Rabbinden kendisinde açığa çıkan “NUR”, yani gerçeği farketme-kavrama gücü, kişiyi evrensel sistemi tanıma noktasına ulaştırır!.
Hayâlindeki “din adamı”, “evliya” ve “tanrı” kavramından kurtulmak istiyorsa insan, önce “Ümmül Kitap” olan “SİSTEM” ve “DÜZEN”i okuyup; ondan sonra okuduklarının geldiği günün şartları içinde bunun sembolik veya mecazi anlatımı olarak “sistem manuel”i işlevini yapan kutsal Kitabı değerlendirmeye çalışacaktır..
“ALLAH’IN KELİMELERİ”
-
Vaadettiği sözleri
-
“Vahiy”in orijinali
“RABBİNİN KELİMELERİ”
(Açığa çıkardıkları)
“TAYYİB KELİME”
(Hakikat bilgisi)
İman edip imanın gereğini uygulayanlar ise, Rableri olan Esmâ bileşiminin elvermesi sonucu (Bi-izni Rabbihim), içinde sonsuza dek yaşamak üzere, altlarından nehirler akan cennetlere dâhil edilmişlerdir... Onların orada birbirlerine hitabı "Selâm"dır.
Görmedin mi Allah nasıl sembollerle anlatıyor: Tayyib Kelime (Hakikat bilgisi); aslı sâbit (kökü şuurda), dalları semâda (getirisi olan yaşantısı bilinçte) olan, tayyib ağaç (Kâmil insan) gibidir!
(O ağaç) Esmâ bileşiminin elvermesi sonucu (Bi-izni Rabbiha) her zaman yemişini (ilim ve marifet) verir... Allah insanlara, belki derinliğine düşünüp hatırlarlar diye, misaller verir. (İbrahim/23-25)
Allah ki, arzı sizin için bir yaşama yeri, semâyı da bina (içindekilerle arzı-bedeni mamûr eden) olarak oluşturdu... Sizi tasvir etti (özelliklendirdi) de sizin (mânâ) sûretlerinizi (özelliklerinizi) en güzel etti ve sizi tayyibattan (ilim ve marifetlerden) yaşam gıdalarıyla besledi! İşte Rabbiniz Allah!

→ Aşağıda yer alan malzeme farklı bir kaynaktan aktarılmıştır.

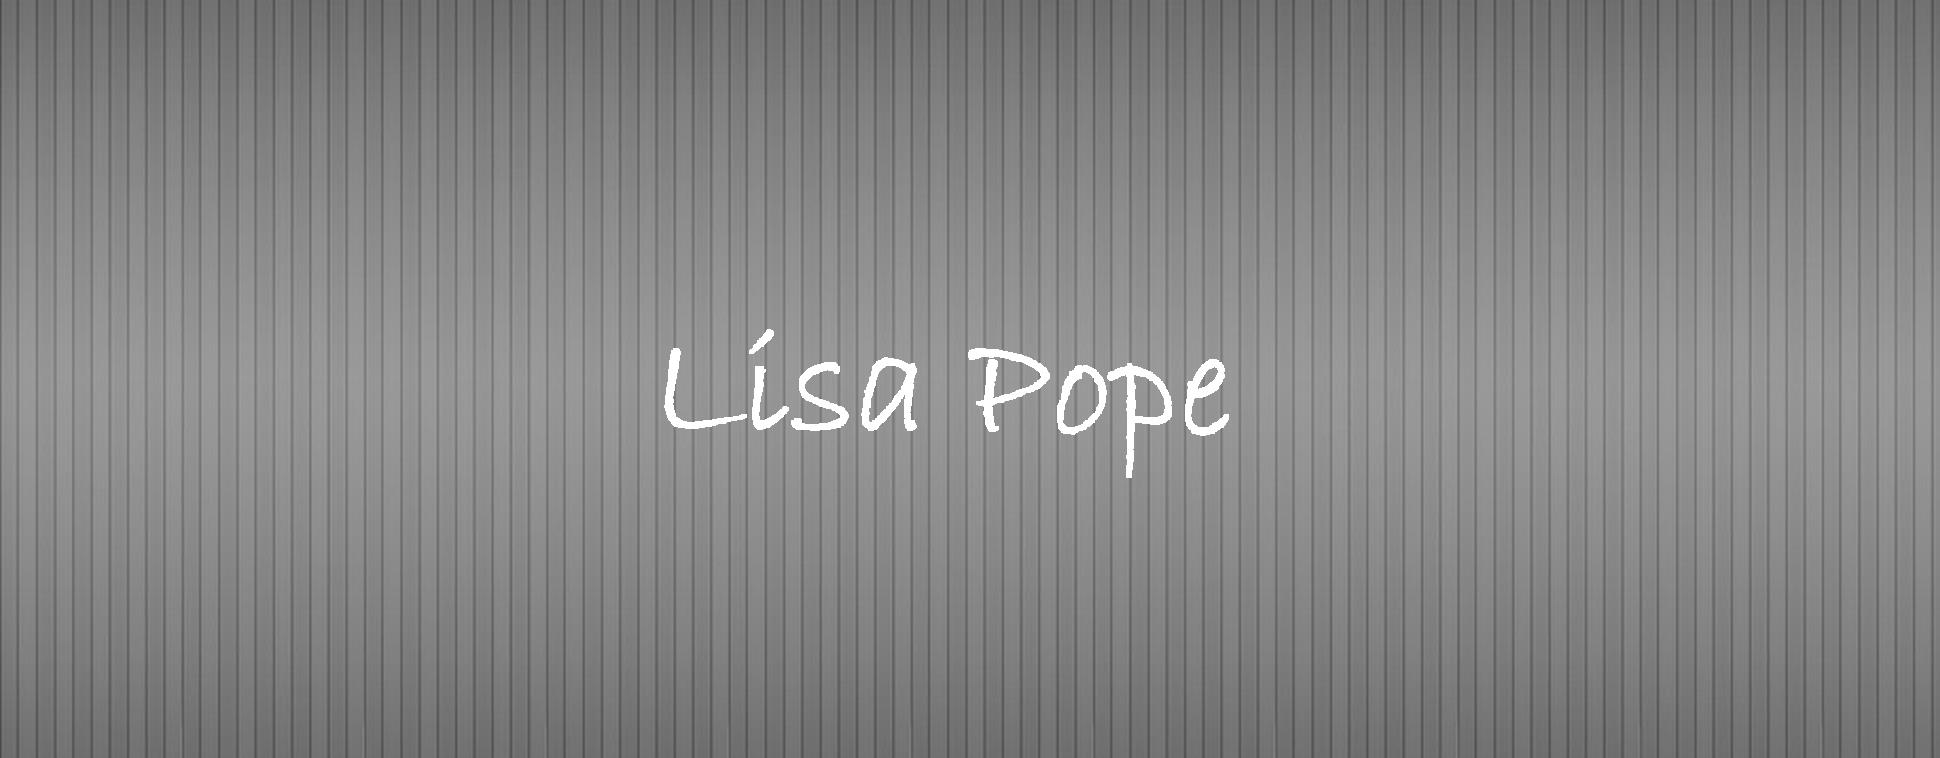 Lisa Pope.jpg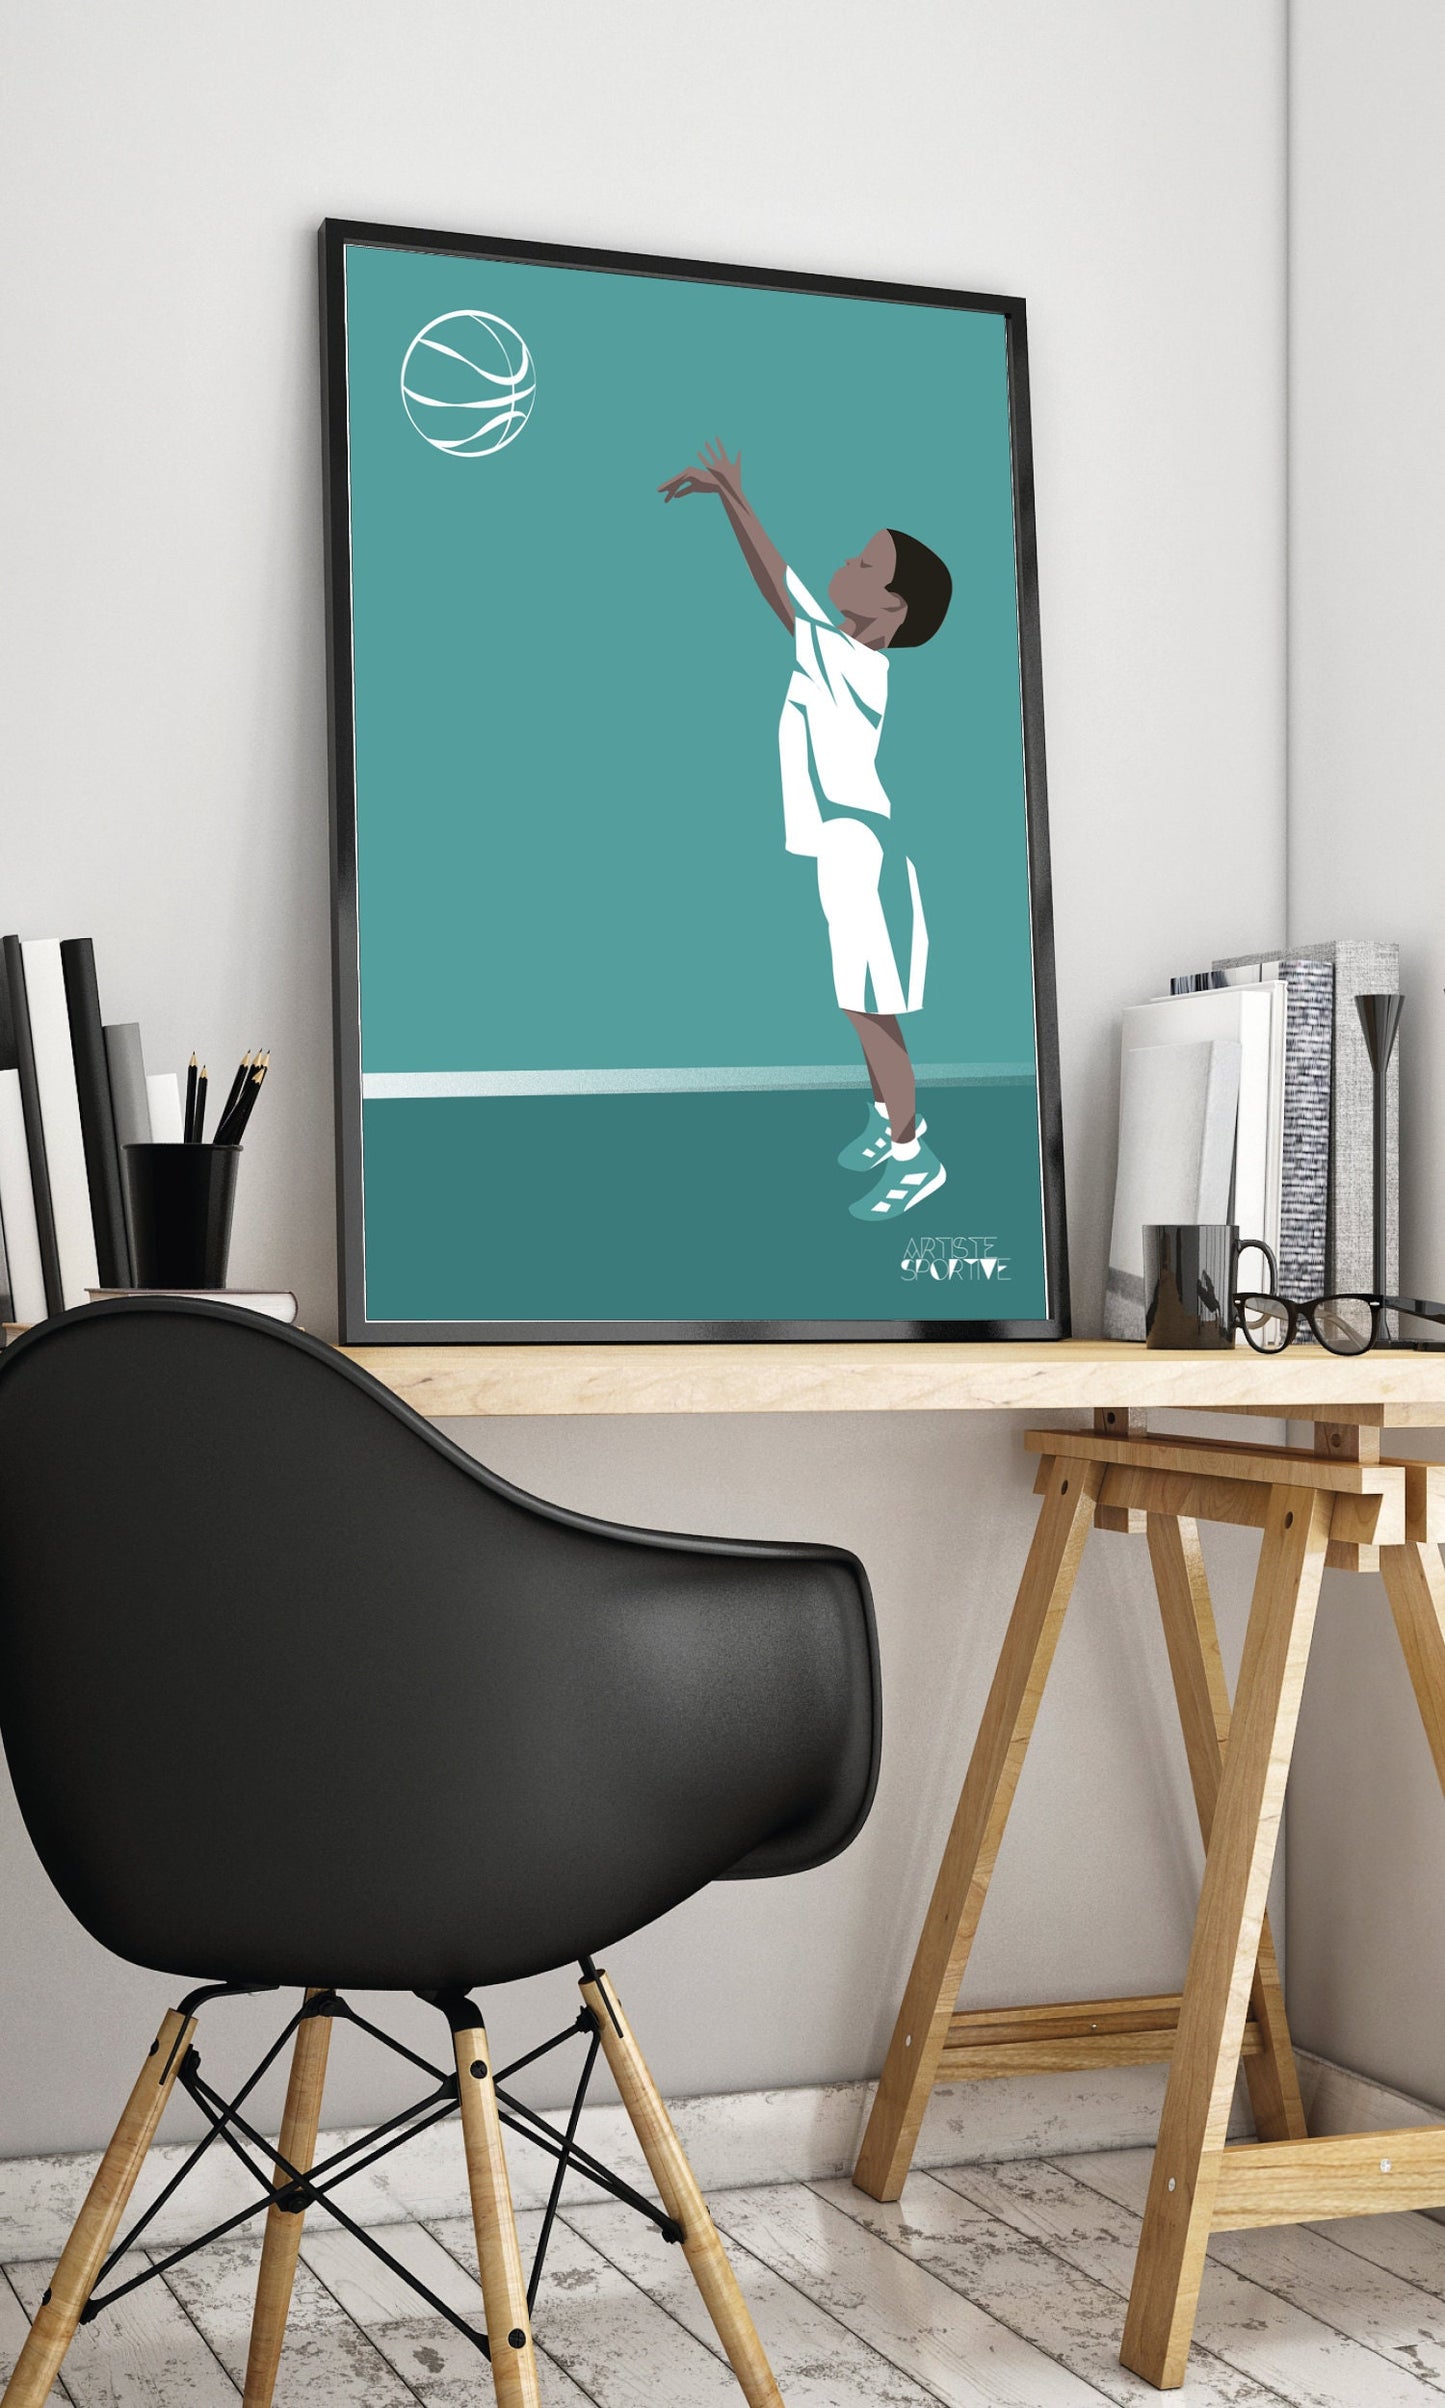 Basketball poster "The boy who plays basketball"

Âlemlerin (insanların) Rabbi Allah ne yücedir! (Mu’min/56-76)
“HABİS KELİME”
(Hakikati inkâr eden)
Habis Kelime'nin (hakikati inkâr edenin) misali de, kökü bile olmayan, yüzeyde kalmış, dayanaksız habis şecere (meyve vermeyen ağaç) gibidir.
Allah, iman edenleri dünya yaşamında da, sonsuz gelecekte de değişmez gerçeği vurgulayan söz üzere (Kelime-i Tevhid) sâbitler! Allah, zâlimleri saptırır! Allah dilediğini yapar! (İbrahim/26-27)
ALLAH’IN KELİMELERİNİ (vaadettiği sözlerini)
DEĞİŞTİRECEK YOKTUR
Dediler ki: "Dünya hayatımızdan başkası yoktur! Yaşamımız devam etmeyecektir!"
Rablerini müşahede sürecinde (hakikatlerindeki Esmâ kuvvelerini fark ettiklerinde) bir görsen! "İşte, Hak bu değil miymiş!" dedi... "Evet, Rabbimizmiş!" dediler... "Öyle ise, hakikat bilgisini inkâr eden olmanızdan dolayı şimdi tadın azabı!" buyurur.